While phase-based approaches have been successful, they required precise removal of background phase noise due to bulk tissue motion or from system instabilities. Within an OCT system, phase noise can arise from scanning mirrors. In an SS-OCT system, the cycle-to-cycle variability in the spectral shift and signal acquisition produces additional noise.25,26 To compensate for bulk motion, an amplitude-weighted histogram approach could be used.27 A histogram-based Doppler shift compensation method22,28 was another option. To improve system phase stability, software or hardware modifications could be made.29,30 In an effort to circumvent the problem of phase noise compensation, OCTA based on the amplitude or intensity of the OCT signal was explored.

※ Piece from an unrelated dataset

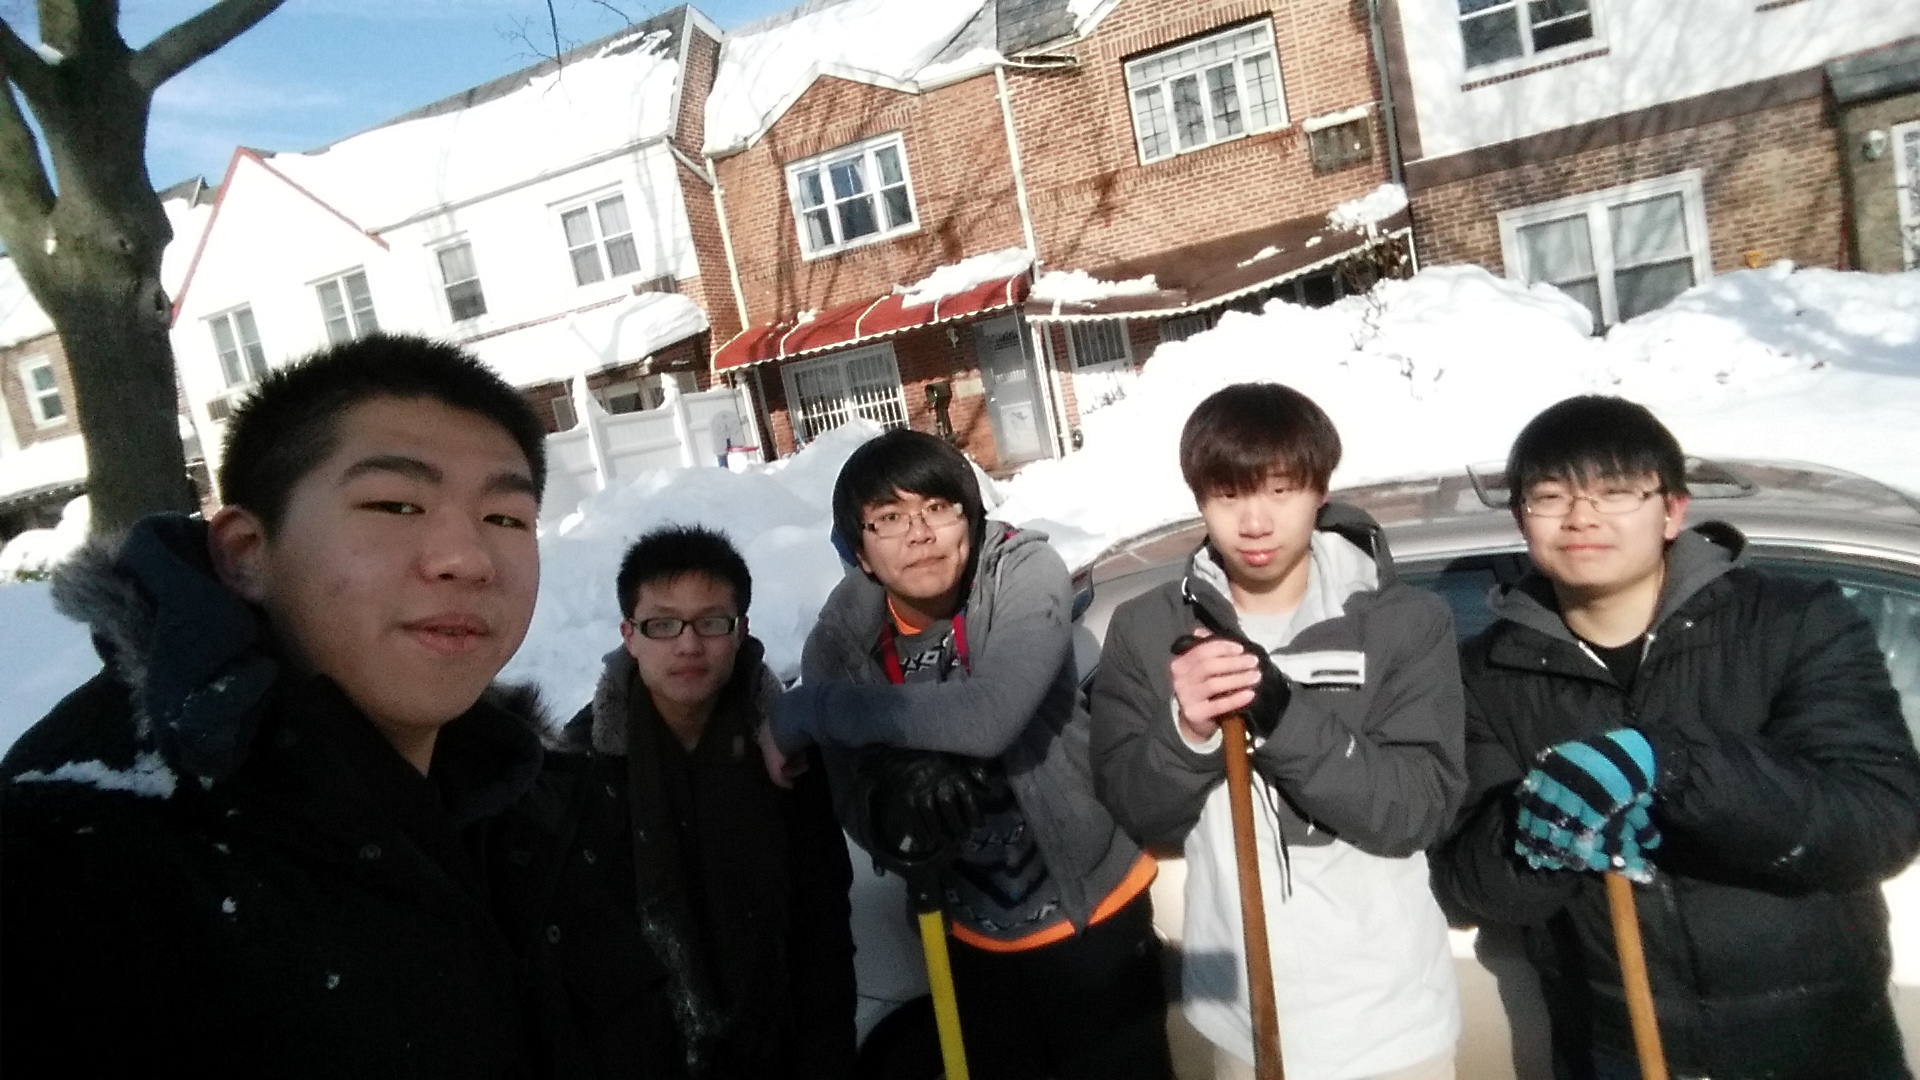 Many thanks to our East-West students Kern Hui, Jun Hao, Hai Lin, Jason Shi and Sen Xu for volunteering to shovel snow for the seniors in our community.

OCTA based on amplitude or intensity was initially described in 2005, when Barton and Stromski adapted laser speckle analysis for time-domain OCT.31 Speckle arises as a property of the interferometric nature of OCT, and speckle statistics contain information regarding the motion of scatterers.32,33 Specifically, the speckle pattern stays relatively constant over time for static objects while the pattern changes for objects in motion. Mariampillai et al extended the technique and presented speckle variance detection of microvasculature in a dorsal skinfold model using an SS-OCT system in 2008.34 In their work, speckle variance was calculated as the variance of the OCT reflectance amplitude over 3 repeated B-scans at the same location. In optimizing the method, Mariampillai et al35 noted in 2010 that the B-scan rates for repeat scans needed to be fast enough that bulk motion between B-scans was less than the OCT beam waist radius. Although “speckle variance” has been historically associated with amplitude-based OCTA, fundamentally both amplitude and phase-based flow detection are based on variation in the speckle pattern, and therefore provide largely equivalent information.36 In addition to speckle variance, another intensity-based OCTA approach was termed correlation mapping.37 In correlation mapping OCTA, cross-correlation of a grid on adjacent B-scans was performed to identify vasculature (weak correlation) vs static tissue (strong correlation).